On January 20, 2015, the Ninth Circuit Court of Appeals upheld the district court judgment, including awarding attorney's fees to Costco.

==Impact==
The decision has been characterized as a loss for consumers in the sense that manufacturers will better be able to control the prices of their goods when the grey market cannot serve as competition. Also, the distinction drawn in the case between goods manufactured inside the United States and goods manufactured outside could be a possible motivation for companies to locate their manufacturing outside of the United States, where the first-sale doctrine would not stand as an obstacle to suing grey market importers.

As a 4–4 decision, however, Omega only operates as mandatory authority in the Ninth Circuit and does not set a nationwide precedent.

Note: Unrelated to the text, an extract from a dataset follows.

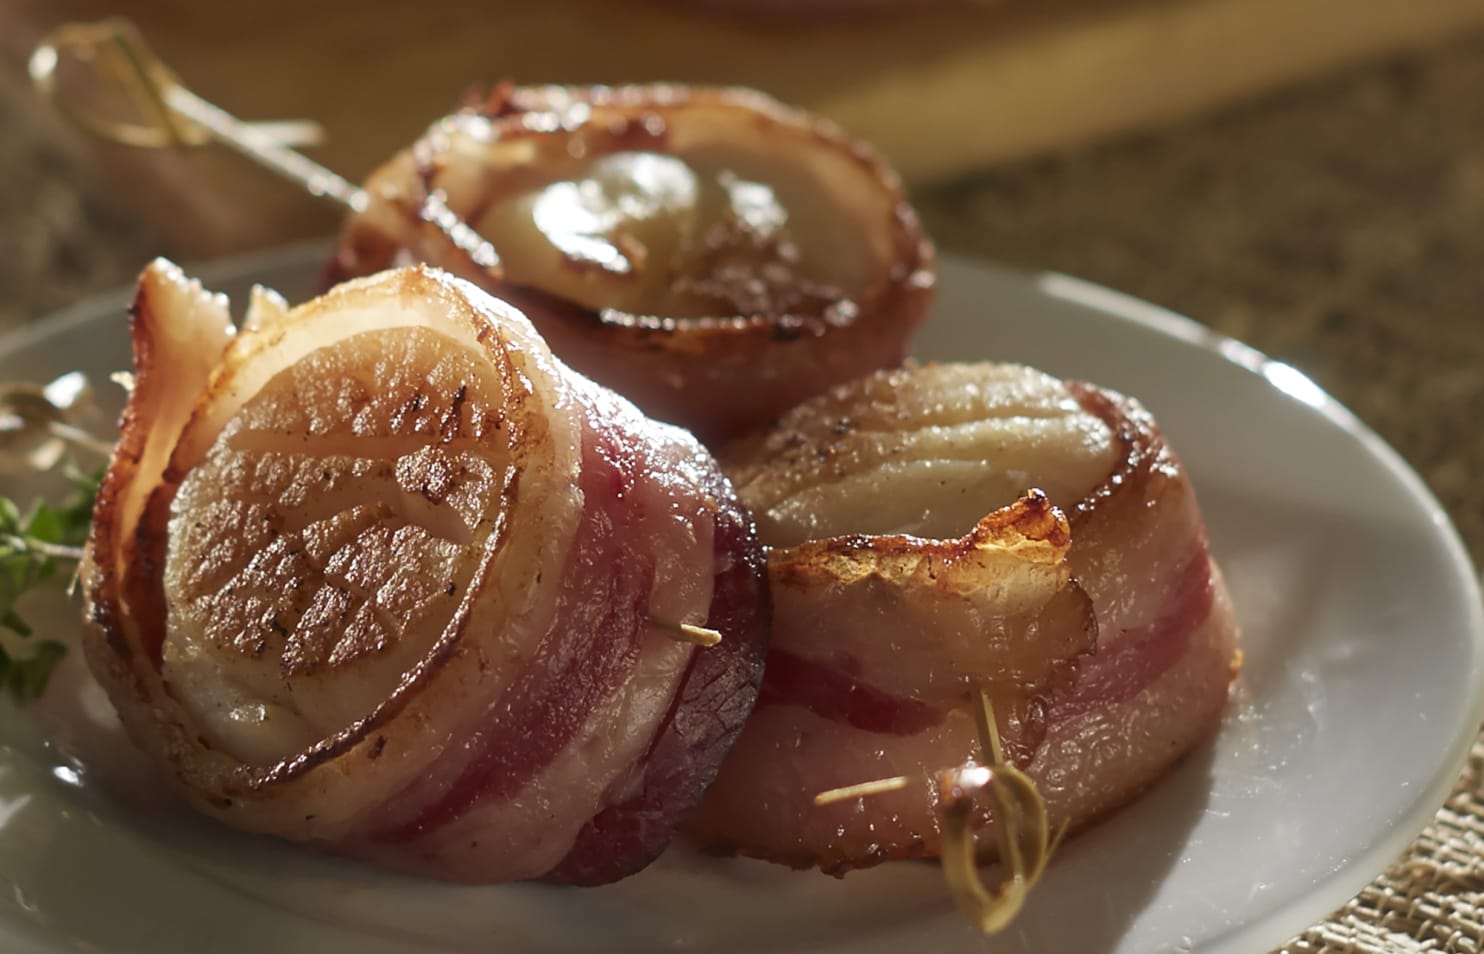 YARN, These bacon-wrapped scallops, phenomenal.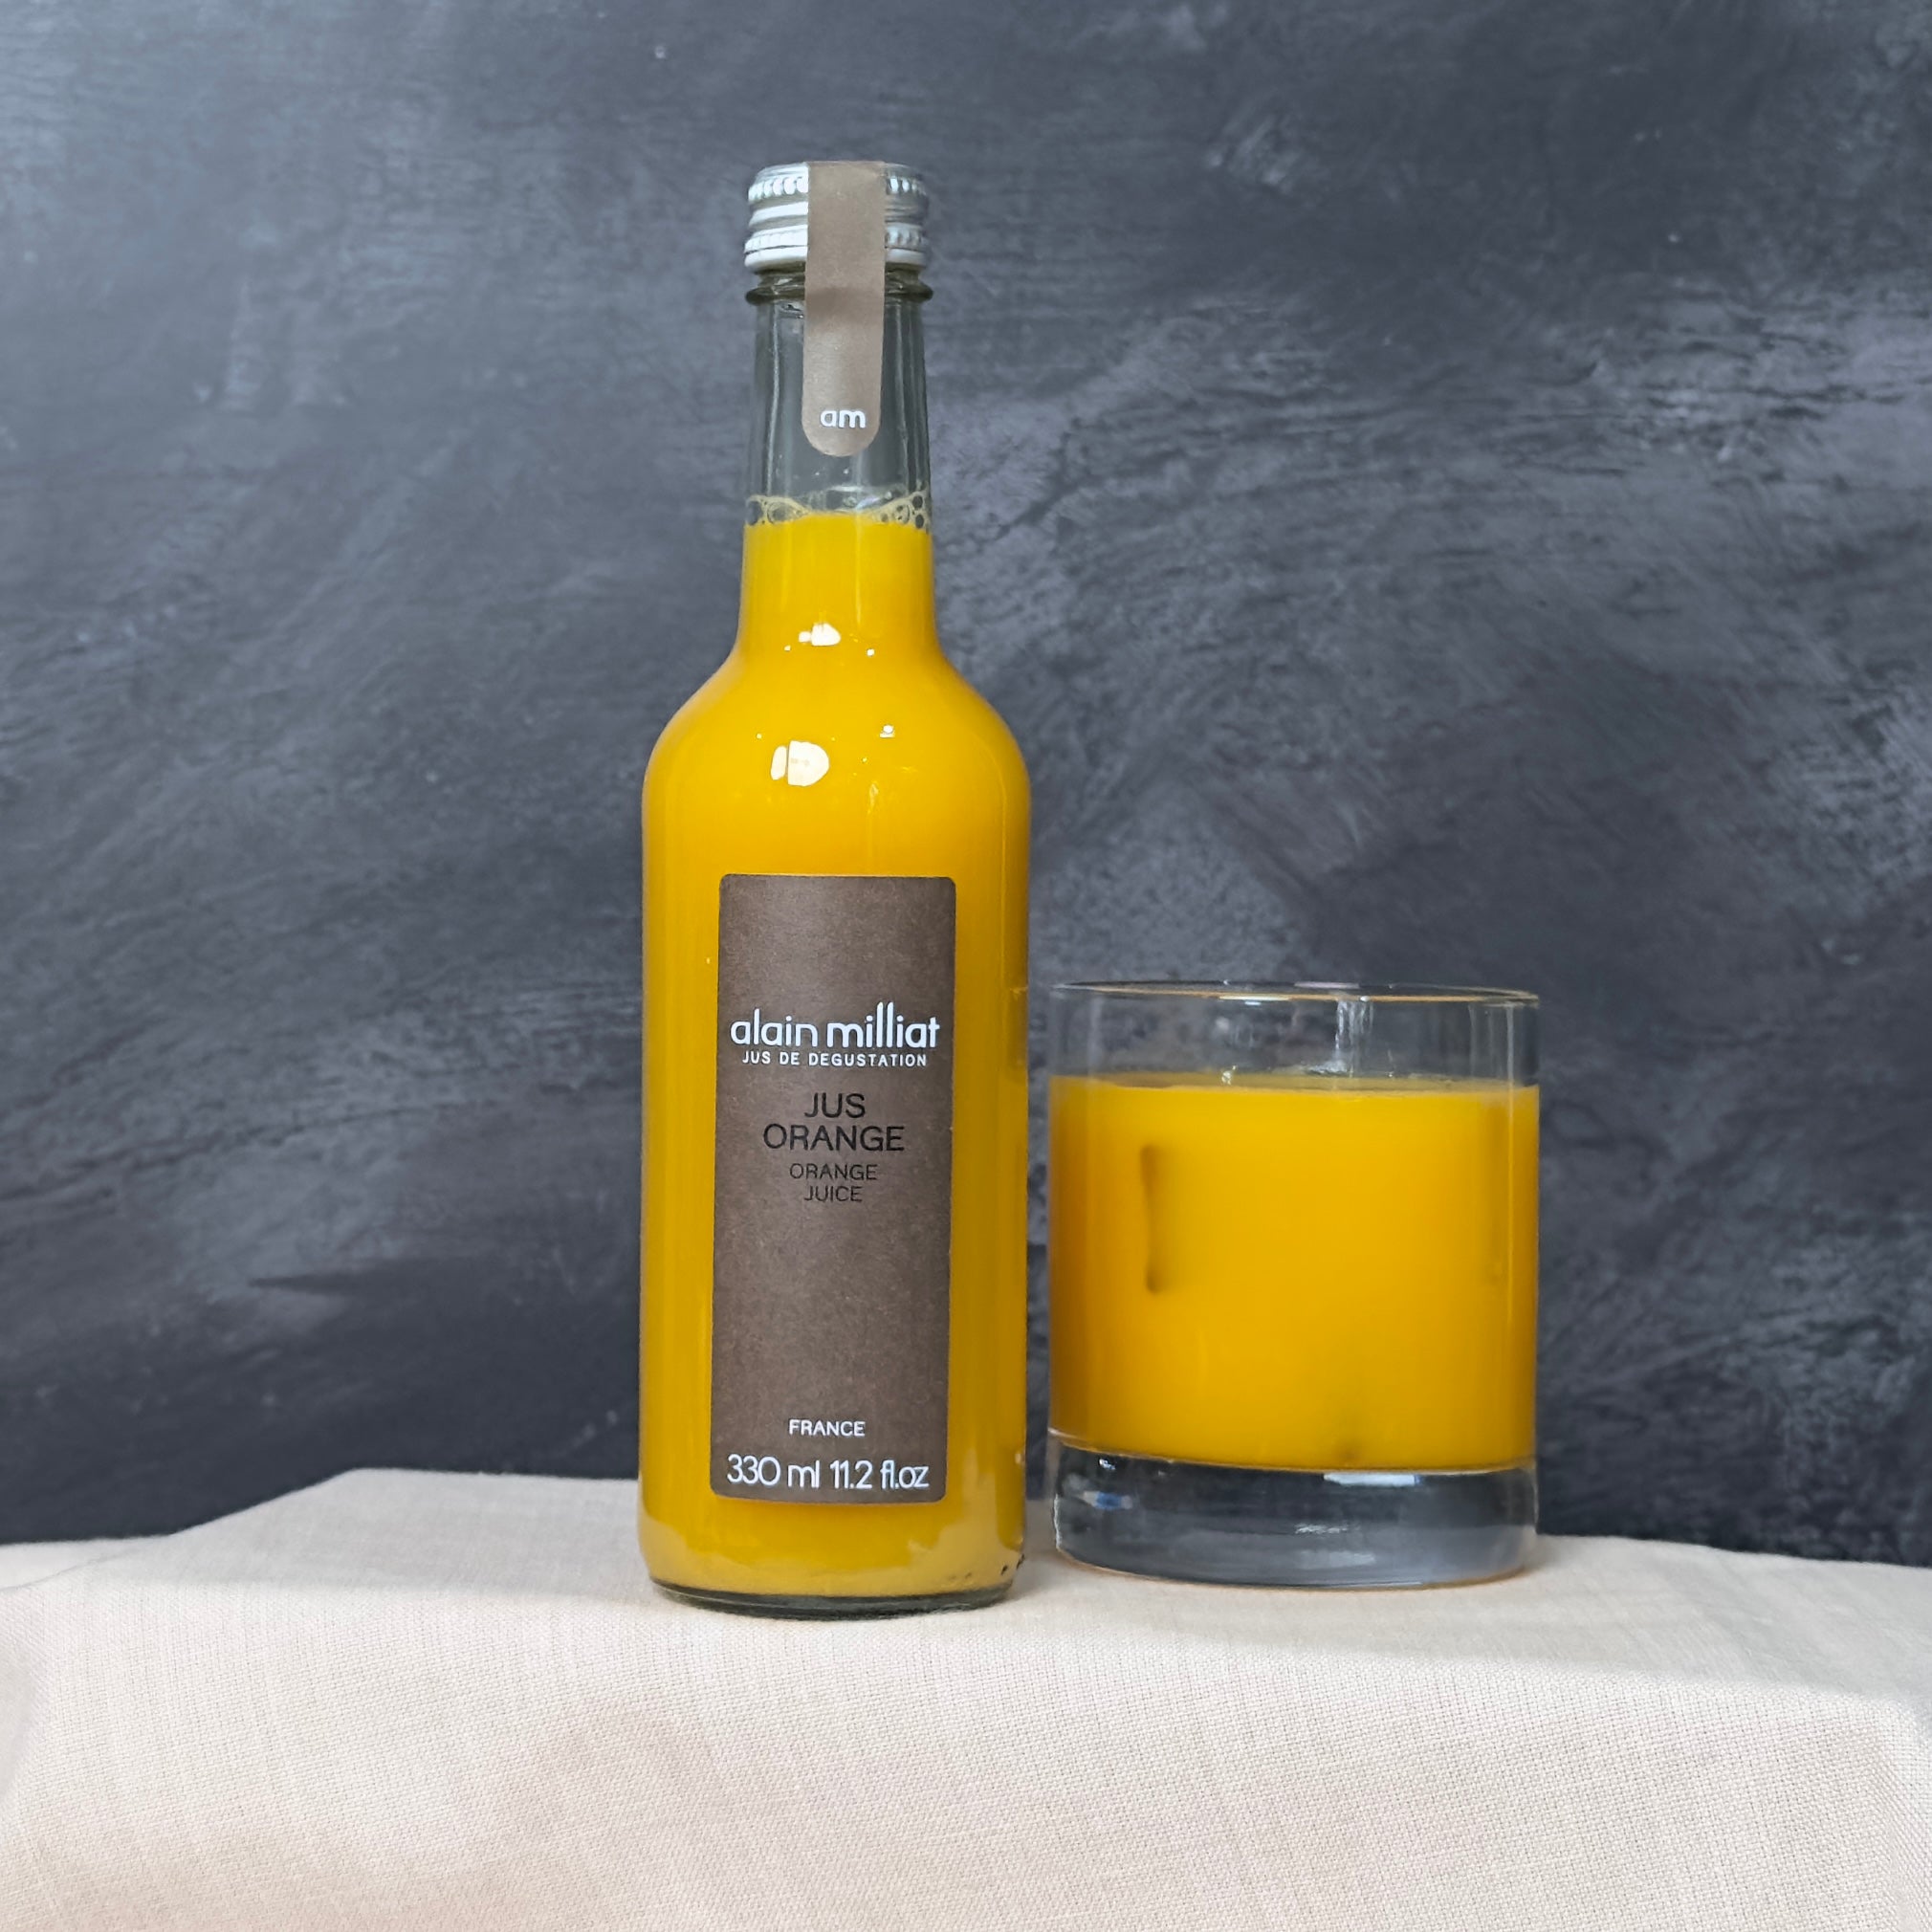 Alain Milliat Orange Juice

In December 2011, petitions for certiorari in two cases from the Second Circuit with a similar issue were filed in the Supreme Court, providing the Court with another opportunity to revisit the still-unresolved issue in Omega: Kirtsaeng v. John Wiley & Sons, Inc. and Liu v. Pearson Education In 2013, the U.S. Supreme Court reversed lower court rulings and ruled that Kirtsaeng's sale of lawfully-made copies purchased overseas was protected by the first-sale doctrine. Liu and another Pearson case were subsequently remanded to the lower courts to rehear, in light of Kirtsaeng.